В избе Петра жила дальняя родня Анны: какие-то две тетки, толстые, неопрятные, мужичок, низкорослый, вьюнистый; чуть позже, когда Петр пристроил мешок у лавки и ополоснул лицо, появилась девка лет двадцати, очень похожая на Анну. Петр никак не мог вспомнить, кто она. Оказалось, Клавдя, племянница теток. Петра она видела в первый раз, поэтому смотрела на него с любопытством. Родня, неразговорчивая, открещенная. Мужичок и тот за теток прячется.
Петр сдернул, кряхтя, сапоги и лег на лавку.
— Я посплю, — сказал он. — Кто заявится ко мне — толкните.
Тетки недовольно поджали губы: у-у-у, проклятый, чтоб ты сгинул. Мужичок облегченно крутанулся в дверь, к соседям, пошептаться. А Клавдя, поглядывая на устало спящего Петра, стала прибираться: чугуны бесшумно расставила, одежонку по-за углам распихала, по полу веником прошлась. Поглядывая на спящего Петра, она невольно приравнивала к нему Анну, и помимо своей воли ей думалось, что Анна с таким крепким мужиком должна была быть счастлива. Она хоть и жалела Анну, однако, зная от теток о чертах ее характера — придирчивость, эдакую державность, которая прорывалась у нее довольно часто, доводя даже родных до рыданий, сейчас, помимо воли, выискивала оправдание Петру, оправдание, которое, как ей казалось, она и нашла и которое вынуждена теперь тщательно скрывать. Она поставила себя на место Анны и покраснела: сердце зашлось. Оглянулась, не видит ли кто…

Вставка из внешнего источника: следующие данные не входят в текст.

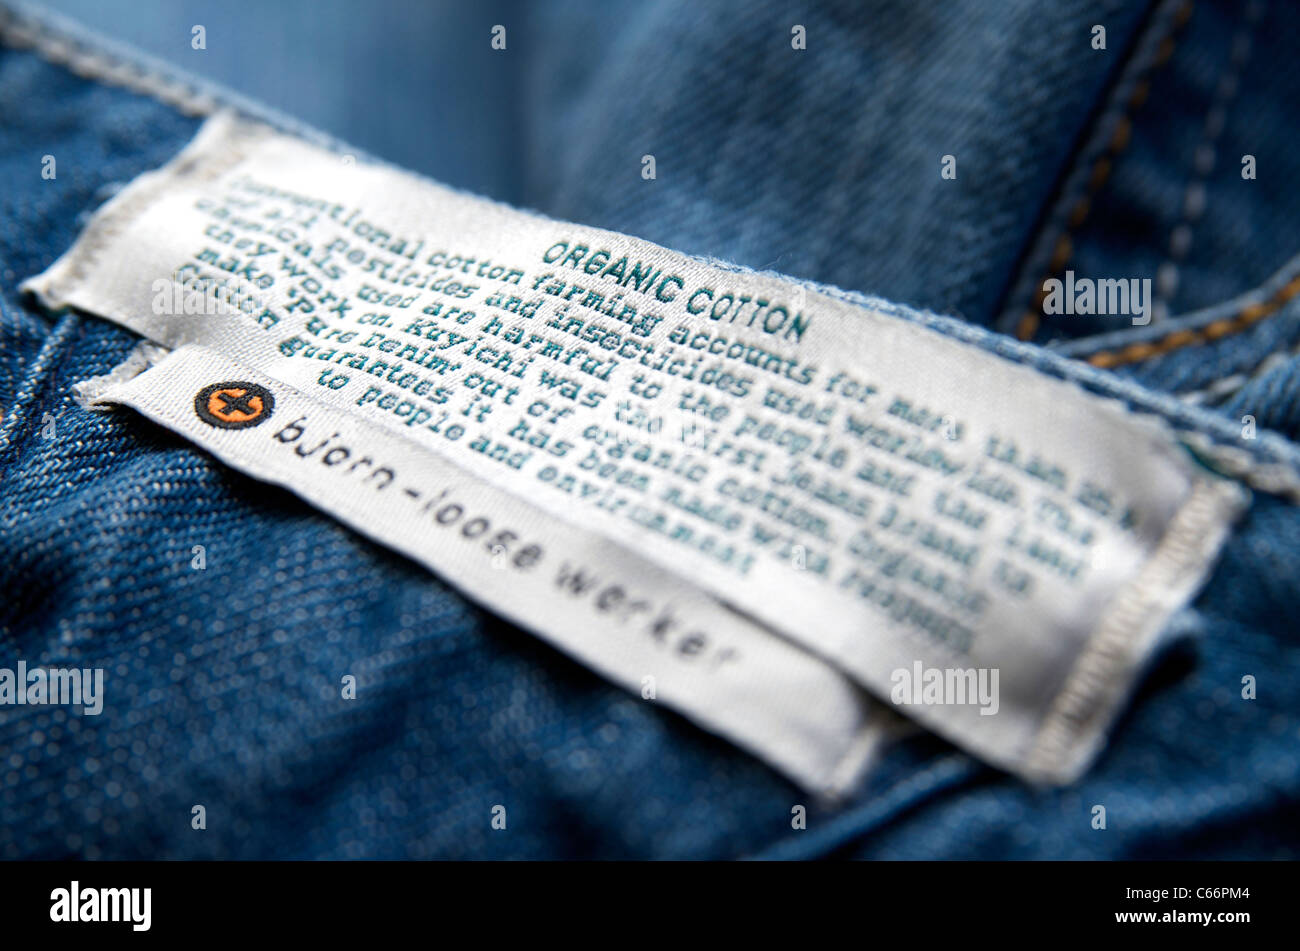 Organic cotton label on a jeans from Kuyichi Stock Photo - Alamy

Петр спал на спине, опустив руку на мешок. Длинные волосы разметались. «А уж седой», — отметила Клавдя. «Не дай тебе бог такого Петра», — говорили ей, жалеючи, тетки. Они присмотрели ей жениха из купецких, непьющего, с долей в отцовской лавке. Клавдя видела его, и он ей понравился: белокурый, веселый. Сейчас же, приглядываясь к Петру, она улавливала во всей его фигуре ту притягательную силу, о которой никогда не догадываются мужики и которую могут отличить только они, бабы. Что за сила, объяснить Клавдя вряд ли могла, только в купецком женихе разгуливала задержавшаяся молодость без тайной Петровой силы. И Клавдю опечалило нечаянное открытие, хотя она знала, что от судьбы никуда не уйдешь, тем более от свадьбы.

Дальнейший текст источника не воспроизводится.